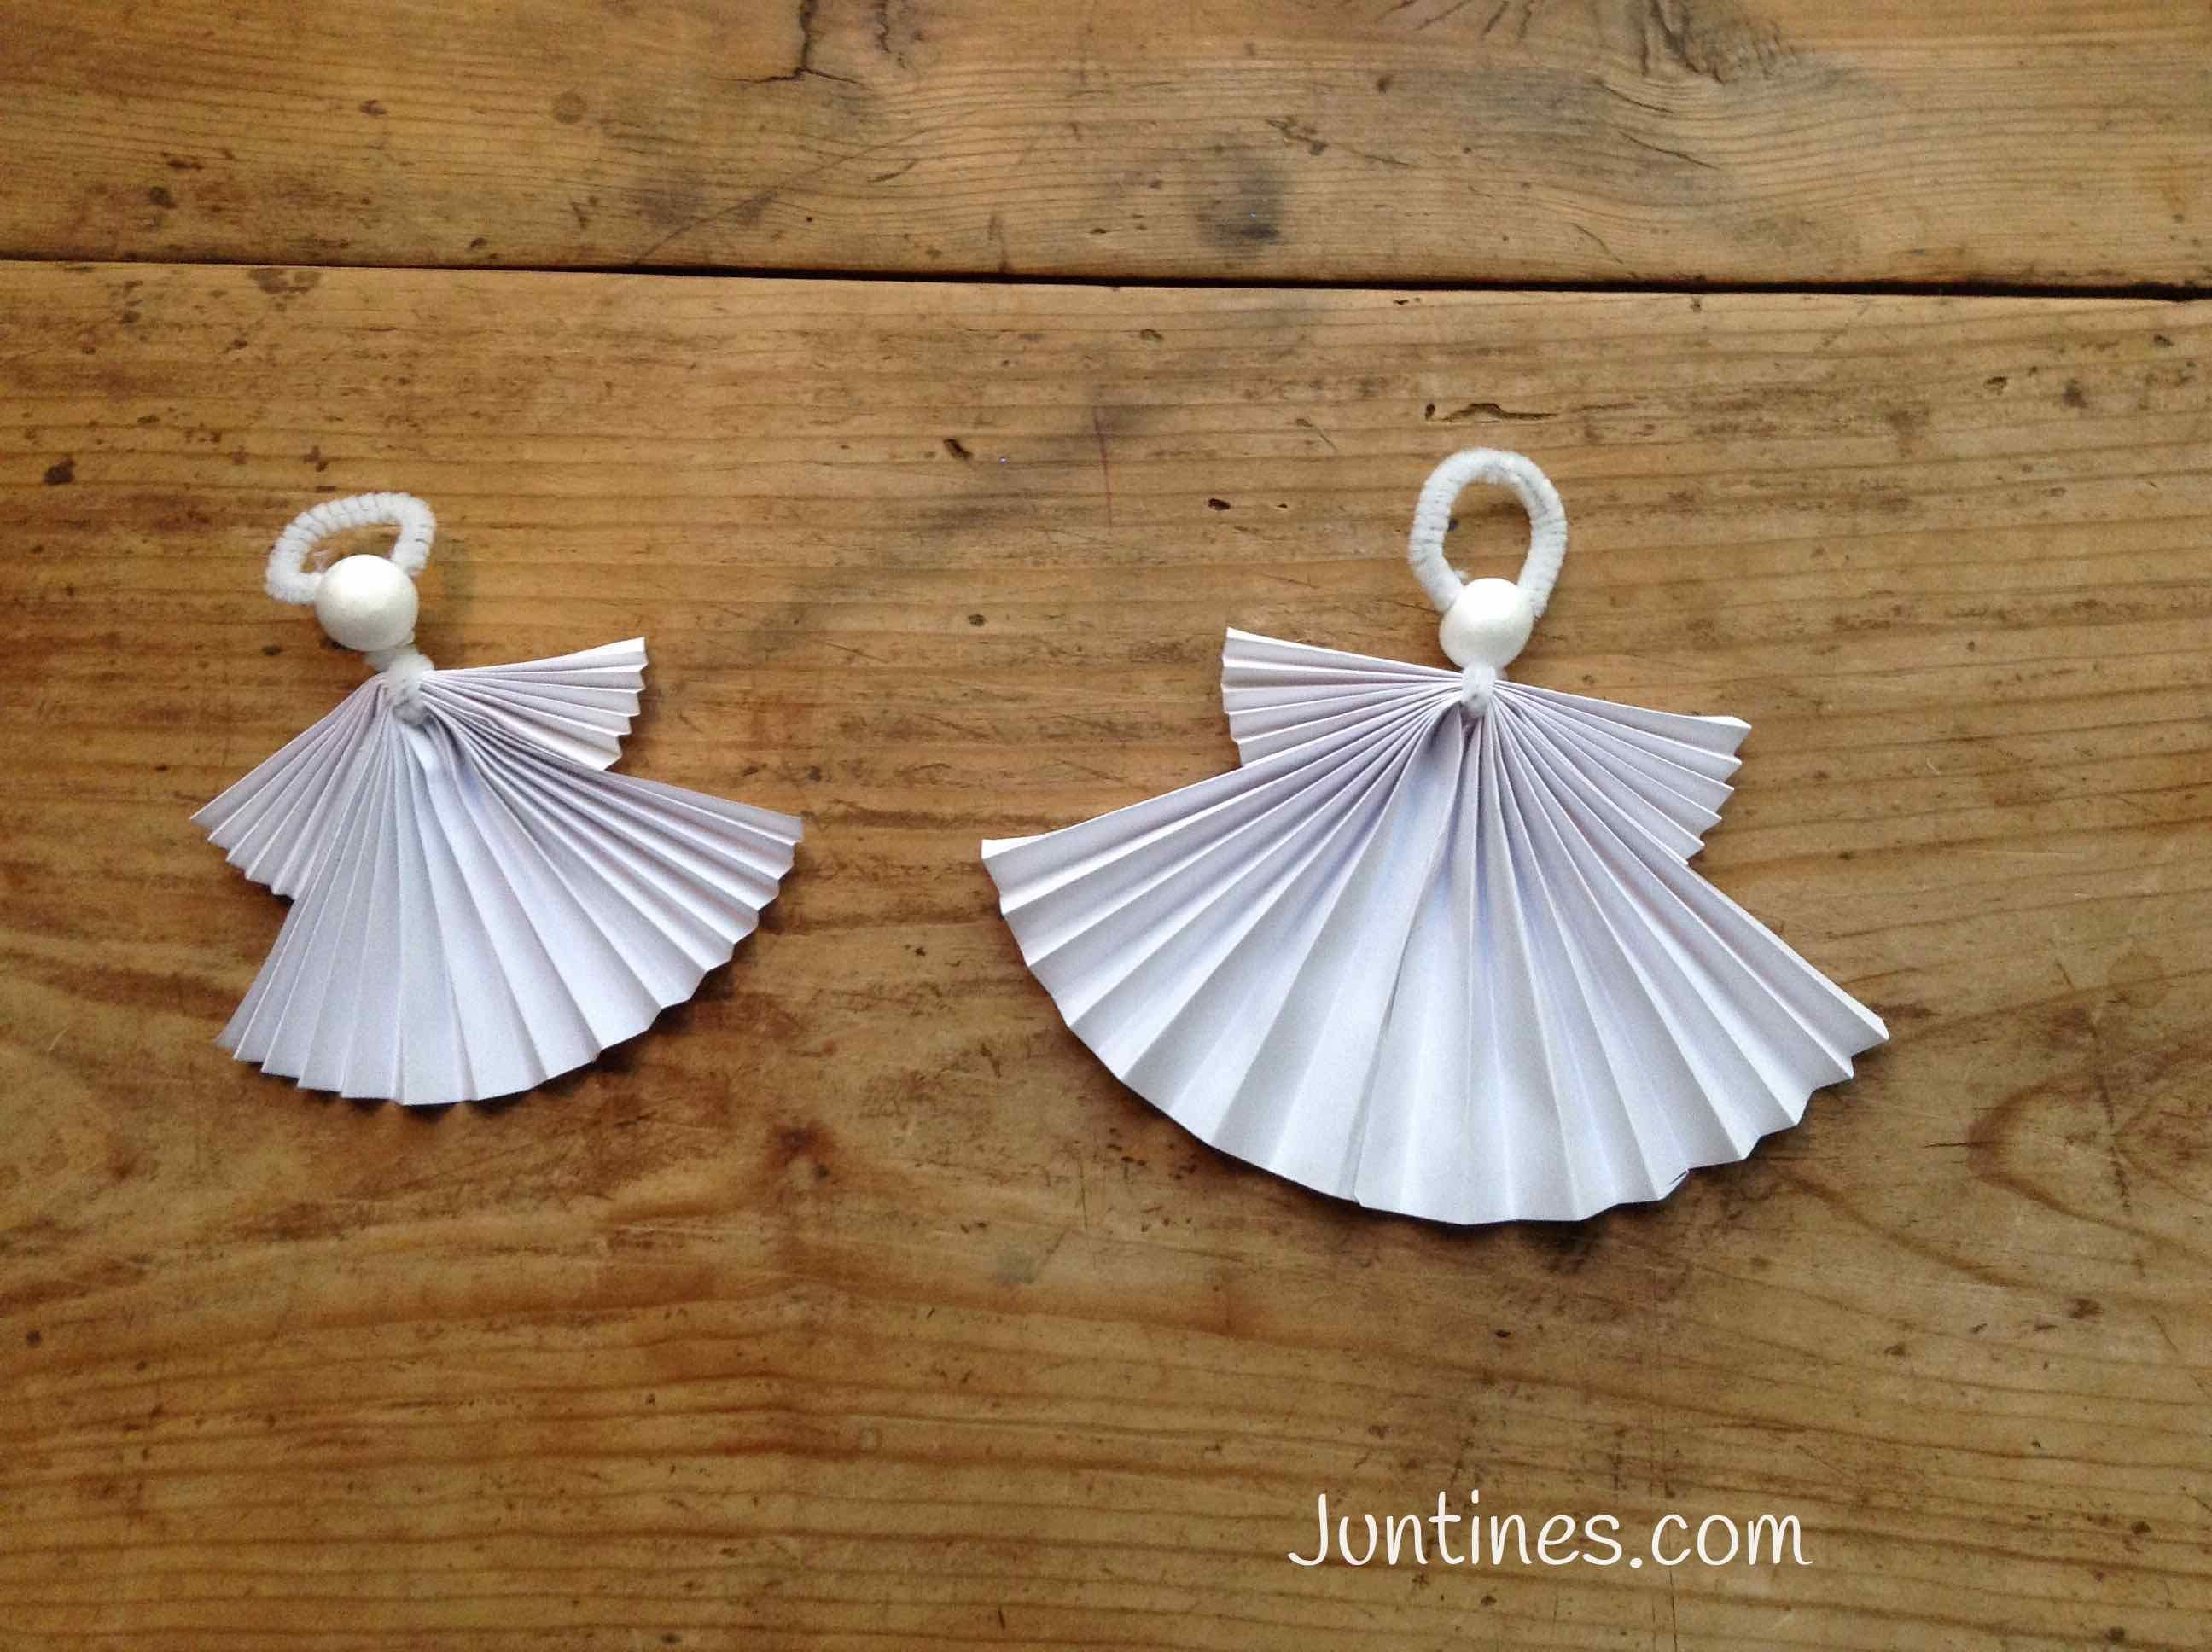 Origami for kids origami para ni os origami angel - Adornos navidenos ninos ...
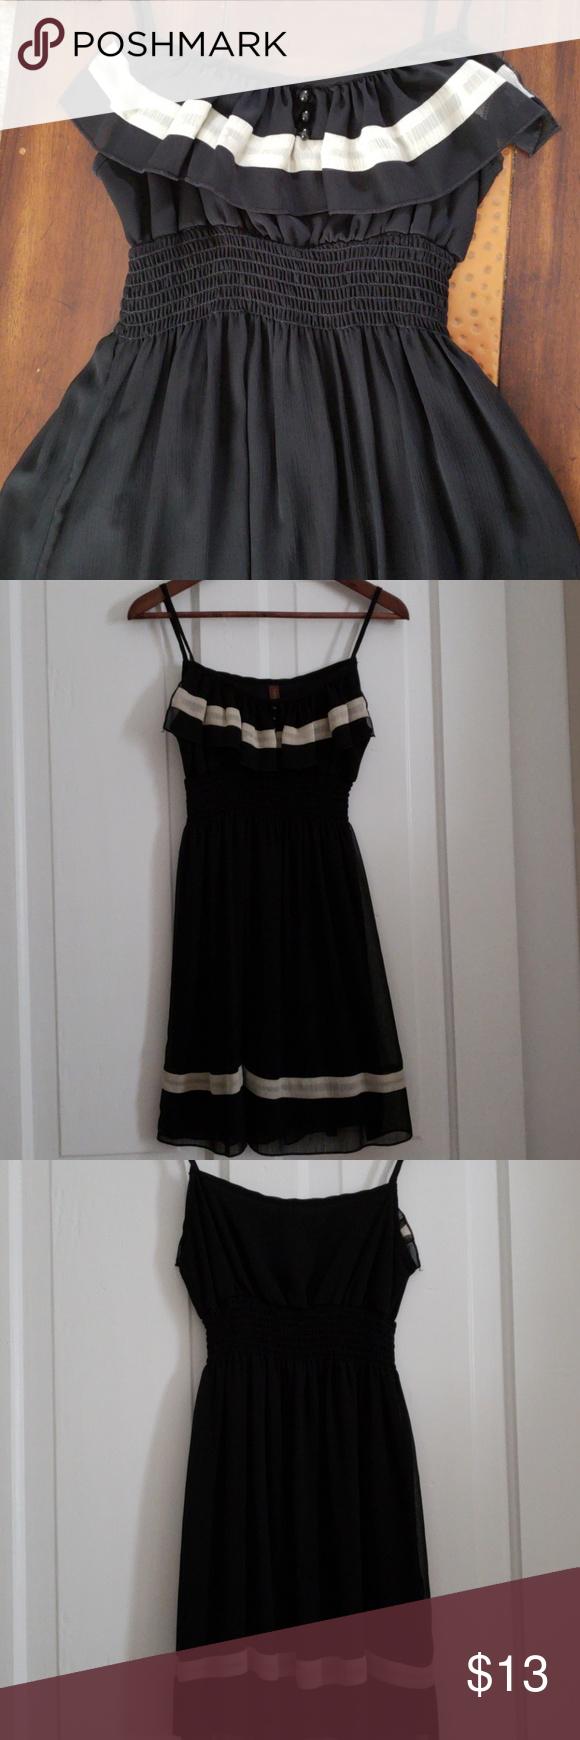 Chiffon Black And Cream Dress Chiffon Black Dress With Cream Stripe Stretchy Waist Knee Length Worn Once To A Weddin Black Chiffon Dress Cream Dress Dresses [ 1740 x 580 Pixel ]
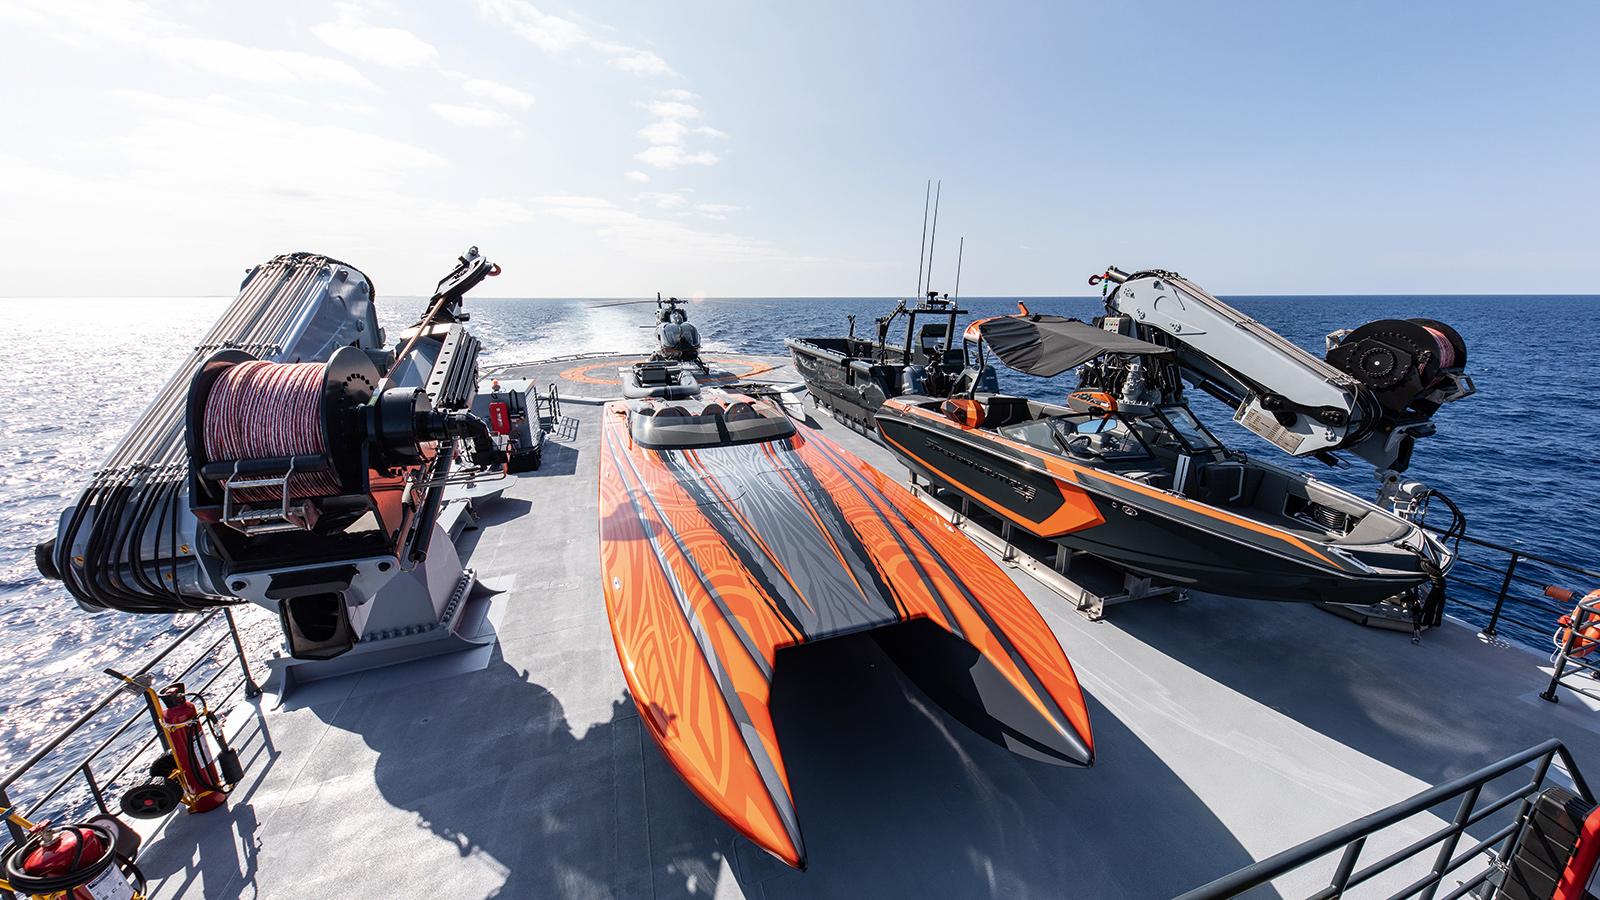 catamaran-superyacht-Hodor-worlds-largest-toybox-tenders
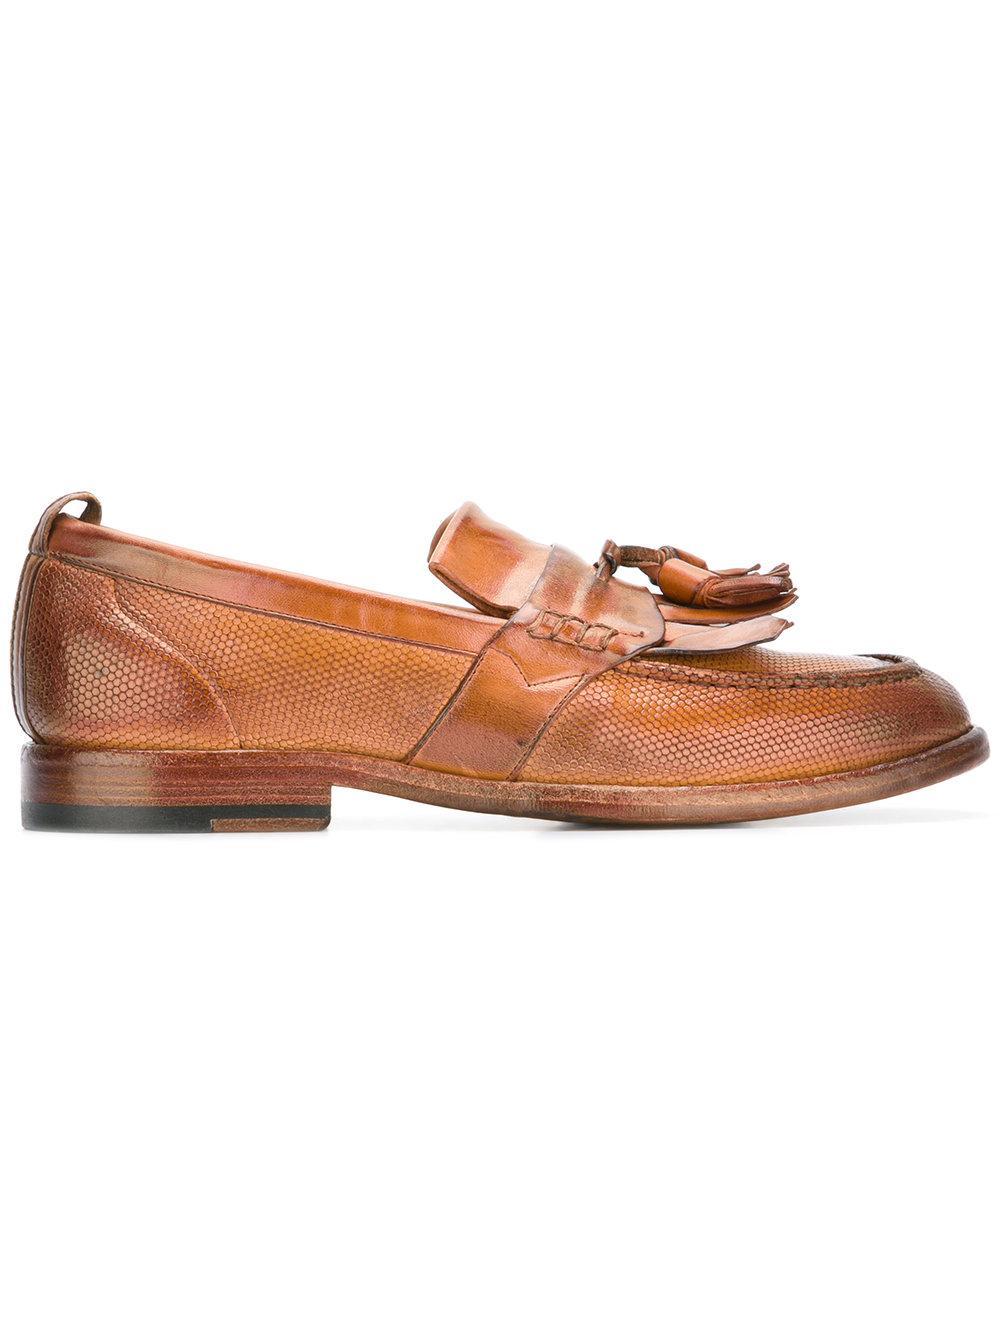 Sartori Gold Womens Shoes

— Instructions to follow —
Copy the material verbatim. The pictures are not part of the copy.

— Solution for this task —
 Origami for kids origami para ni os origami angel - Adornos navidenos ninos ...
 Chiffon Black And Cream Dress Chiffon Black Dress With Cream Stripe Stretchy Waist Knee Length Worn Once To A Weddin Black Chiffon Dress Cream Dress Dresses [ 1740 x 580 Pixel ]
 catamaran-superyacht-Hodor-worlds-largest-toybox-tenders
 Sartori Gold Womens Shoes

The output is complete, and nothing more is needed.